LESLIE: And then, when it’s time to go to bed, simply hand out. That’s generally what happens.

But no, even I, in my very much lack-of-sleep state of mind, do have a hard time falling asleep. So, you really want to make sure that you’re setting yourself up for a comfortable night of sleep. And believe it or not, that can come down to the type of bedding that you pick.

So, before you go thinking about- “What about thread tally? What fabric? What do I need? ” And some of those are very expensive. We’re going to tell you exactly what each type offers and what their impediments might be.

Now, bamboo sheets. You could be hearing a lot about those. They aren’t just soft. In fact, sometimes parties compare them to cashmere. And they do get softer the longer you to be maintained. But if they’re from China- and most of the bamboo expanses are- there is a chance that they come from an uncertified factory. So, hop-skip bamboo sheets if everything of this uncertainty about where they come from is going to keep you more awake at night. Don’t want that.

The other alternative is organic Egyptian cotton. These are very sought after and with good reason: they’re soft, they’re durable, they’re breathable. They’re good for anybody who gets warm in the middle of the night. But if you love the spate of a snappy bunked, you’ve got to pass on Egyptian cotton. It’s going to wrinkle very easily and it’s ever going to oblige your bed watch a little bit unkempt. So, if that irritations you and you don’t feel like ironing the upper segment of your fold-down sheet and your pillowcases, hop-skip those even though they are wonderful.

And as indulgence expanses travel, cultivated-silk expanses are the ultimate in softness. But even if you can afford to splurge on this expensive bedding, the long-term expenses might be more than you’ve bargained for. Silk membranes are easily damaged by jagged toenails or fingernails or even just rough skin on your ends or your elbows. And sometimes, if your hands are certainly baked, you can feel your skin on your fingertips sort of dragging along the silk, which I find super annoying. And don’t forget about your washer and dryer. You can’t use them, guys. You’ve got to hand-wash them or dry-clean them. And then these sheets need to be air-dried.
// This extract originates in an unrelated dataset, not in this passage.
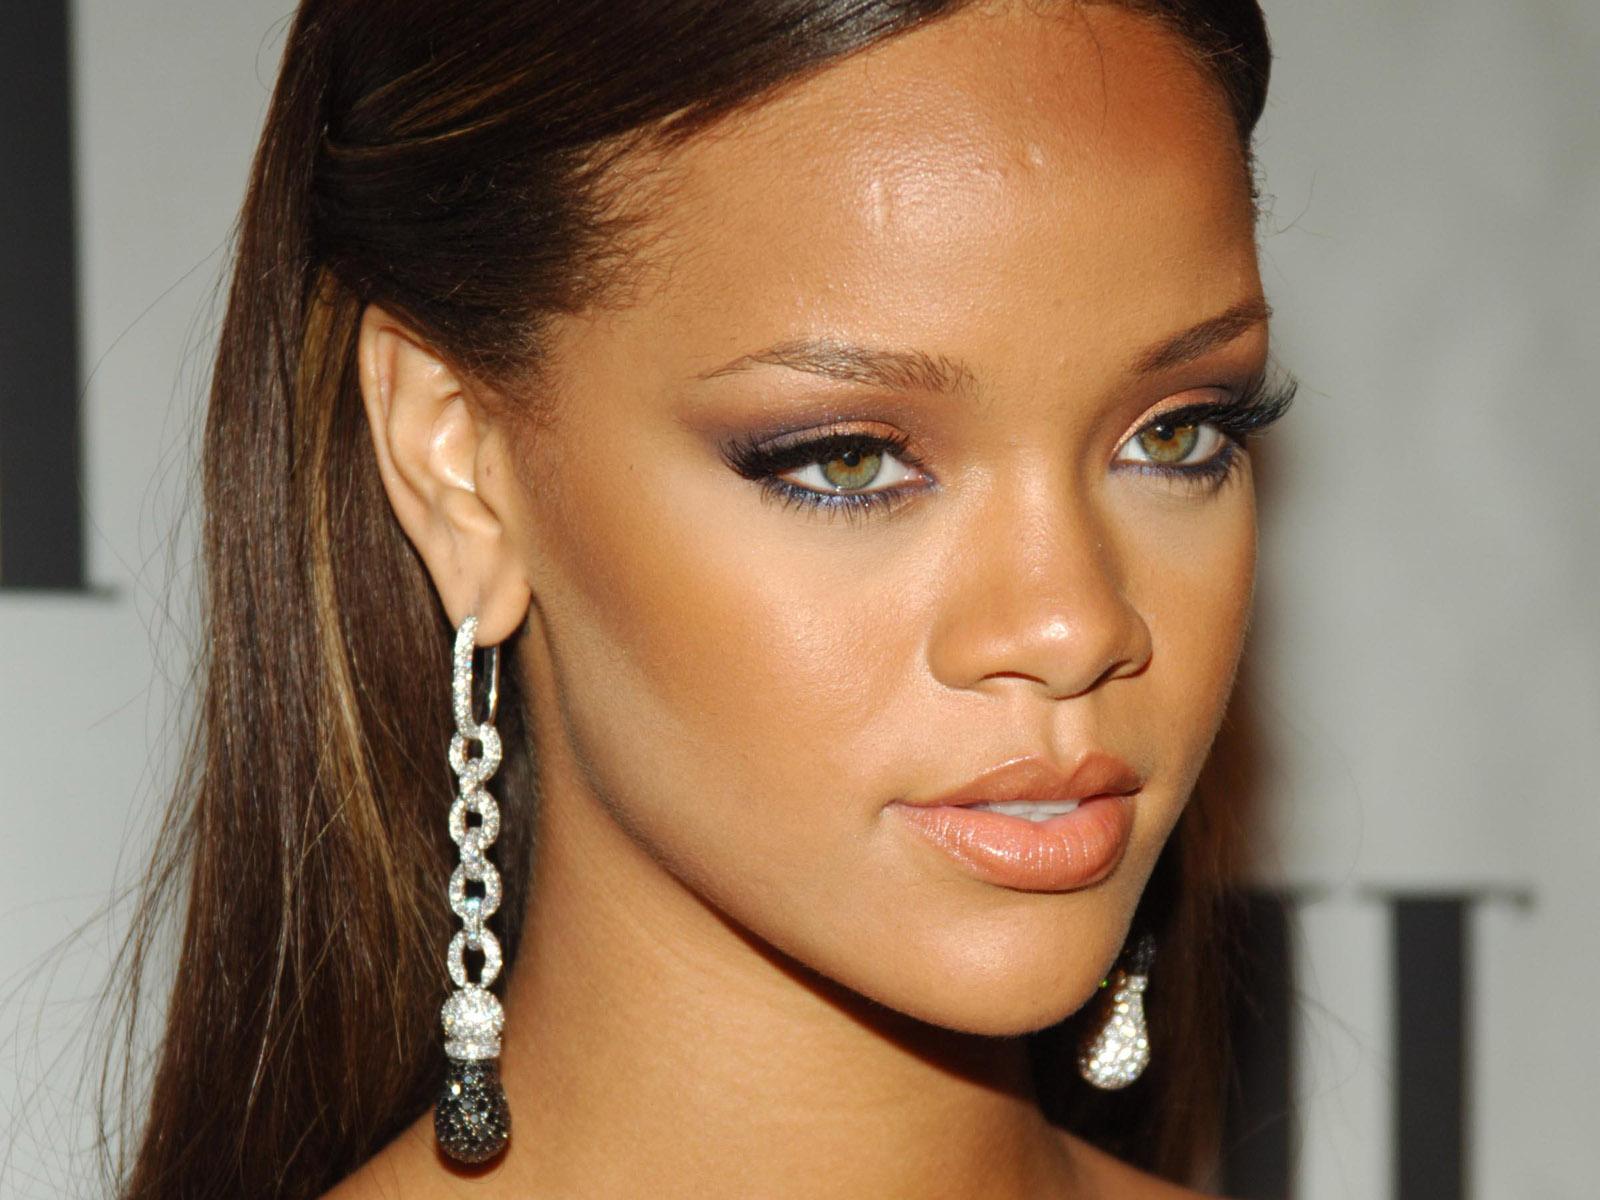 http://2.bp.blogspot.com/-wJaN1s5xPUs/T578NJvEAPI/AAAAAAAACOQ/LIoEc-psZKU/s1600/Rihanna+wallpapers+2.jpg

So, weigh the pros and cons. Find a behavior to get a good night’s sleep. I promise you it’s disconnecting from your electronic machines. Have a cup of tea and be established in for a good night’s sleep.

TOM: This is The Money Pit Home Improvement Show. Thank you so much better for spend these sections of your period with us. Coming up on the next escapade of The Money Pit, we’re going to talk about older homes and specifically the walls, which are usually plaster. If you’ve got an age-old house and you’ve came plaster walls, you probably have a bunch of fractures in those walls, which is pretty common after decade upon decade of sink. But it turns out there’s truly a pretty easy way to restore those fractures and it doesn’t require weeping the wall down in the process. We’re going to cover that, on the very next edition of The Money Pit.

I’m Tom Kraeutler.

LESLIE: And I’m Leslie Segrete.

TOM: Remember, you can do it yourself …

LESLIE: But you don’t have to do it alone.

( Copyright 2020 Squeaky Door Creation, Inc. No component of this transcript or audio folder may be reproduced in any format without the express written authorization of Squeaky Door Make, Inc .)

The post Episode # 1971: Easy Furniture Sterilizes | Bathtub Refinish or Replace | Best Bed Sheets for Comfort and Cost performed first on The Money Pit.